L’altro fatto irritante è il fatto che in alcuni punti il lettore si pone delle domande che appaiono legittime, ma che apparentemente non sono giunte alla mente di Viroli. Per esempio, Machiavelli è un “uomo nuovo”, non viene da alcuna famiglia importante fiorentina; la sua ascesa a incarichi politici di importanza non può che suscitare sorpresa. Alcuni elementi sembrano suggerire che l’incarico dipenda da un rapporto privilegiato con il Gonfaloniere Pier Soderini, ma dei meccanismi attraverso cui Machiavelli abbia costruito un sodalizio con costui, attraverso quali cordate politiche nella Firenze del tempo, o più in generale, come si costruissero i cursus honorum per i giovani fiorentini interessati alla politica, e così via (tutte domande secondo me legittime, ripeto) Viroli non dice assolutamente niente.

Altro esempio. Dopo la caduta in disgrazia, Machiavelli vive per alcuni anni da virtuale recluso in campagna. Scrive il Principe, con cui spera di rientrare nella vita politica, ma non ne ha soddisfazione. Poi improvvisamente scopriamo che frequenta gli Orti Oricellari, una sorta di “Accademia” dove si riunisce la gioventù fiorentina e dove Machiavelli ha l’occasione di formare alla politica e agli ideali repubblicani una nuova generazione. Anche qui, il lettore si chiede: a quali famiglie appartenevano questi giovani? In quale gioco politico erano inseriti? Si formano agli ideali repubblicani grazie a Machiaveli, oppure sono già un ambiente di fronda verso cui Machiavelli naturalmente è portato a gravitare? Anche qui, niente. Viroli registra il fatto ma, qui come altrove, non si azzarda a darne spiegazione.

Può darsi che questo dipenda dal fatto che, nelle lettere e nelle testimonianze dirette di Machiavelli e dei suoi amici, su cui Viroli basa esclusivamente la sua marrazione, questi elementi non risultino. Ma uno storico di vaglia avrebbe lavorato su altre testimonianze coeve, su elementi di sfondo, per costruire perlomeno ipotesi che completassero questo tipo di pagine bianche. Per quel che leggo, questo è un modo ordinario di procedere per la storiagrafia anglosassone, e mi aspettavo che anche questo libro si adeguasse a uno standard di qualità di questo livello.

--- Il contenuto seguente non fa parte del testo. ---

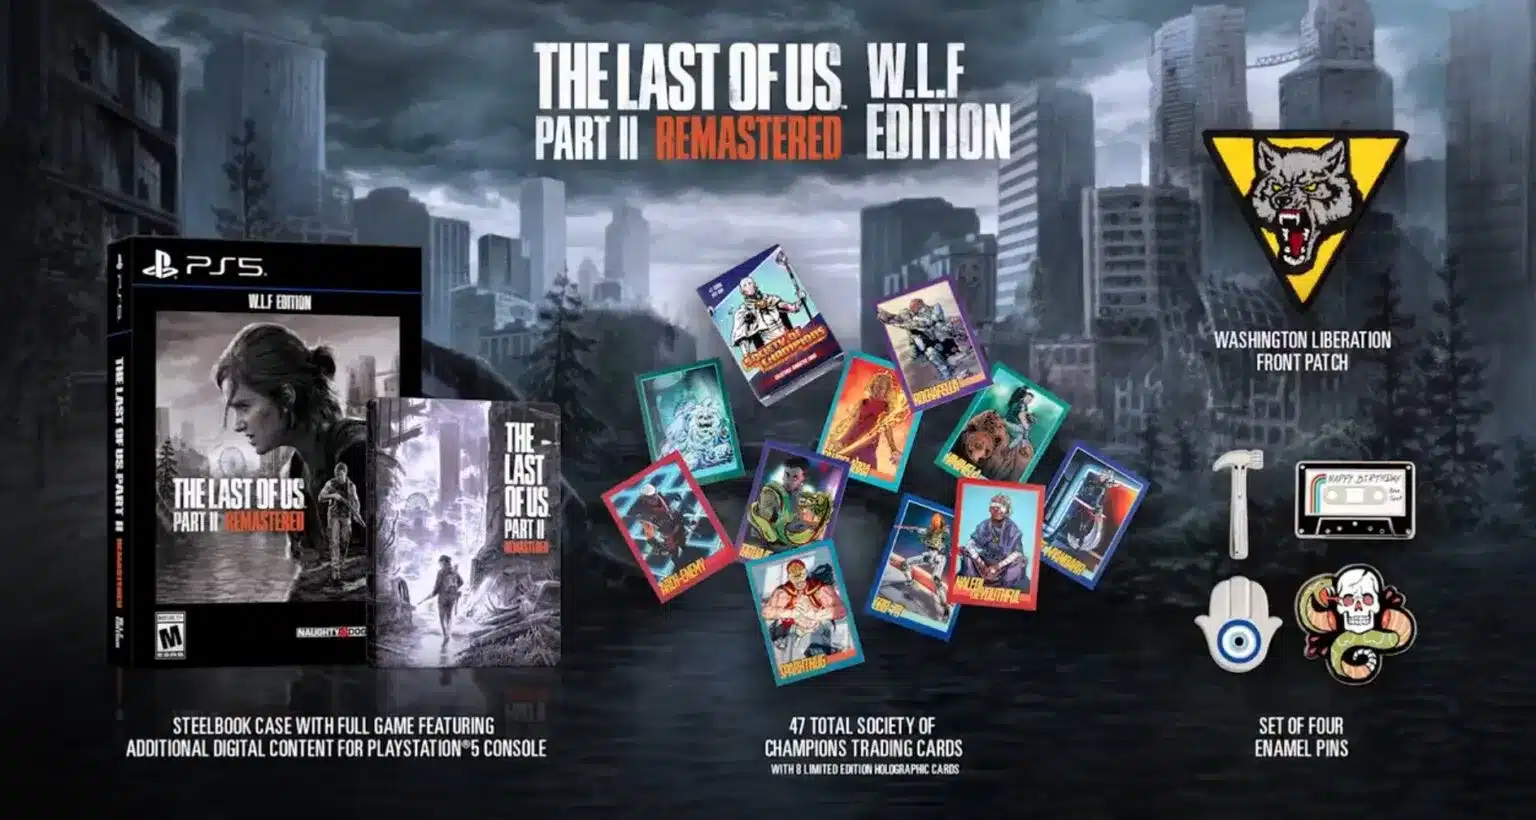 The last of us part 2 remastered wlf edition 1

D’altra parte Viroli è uno storico delle idee, quindi questo tipo di omissioni potrebbero essere giustificate (non sono molto convinto, ma concediamolo). Ciò che sorprende, però, è che il libro non si dilunga neppure sul versante del pensiero politico e storico di Machiavelli. Naturalmente, man mano che Machiavelli pubblica i suoi testi, le idee che espone vengono narrate, ma per esempio non c’è mai il tentativo, anche en passant, di sottolineare la fortuna o la vita successiva che molte idee prooste da Machiavelli avranno nella storia della cultura occidentale.

La mia idea è che Viroli non abbia voluto dilungarsi né sul quadro storico di assieme né sul pensiero politico perché ambiva a descrivere il Machiavelli uomo, del quale si sforza di tracciare un ritratto molto affettuoso nelle sue aspirazioni e nei suoi sentimenti. Ora, considerato che Machiavelli è un colosso del pensiero, un uomo spiritoso e affascinante, e uno che ha vissuto in un periodo denso di avvenimenti realmente epocali, questo affetto dell’autore per il suo personaggio basta a reggere il libro… a malapena.

Complessivamente, quindi, una lettura scorrevole, in alcuni punti superficiale e frustrante; un buon testo base introduttivo al pensiero politico di Machiavelli, un testo mediocre di storia italiana rinascimentale.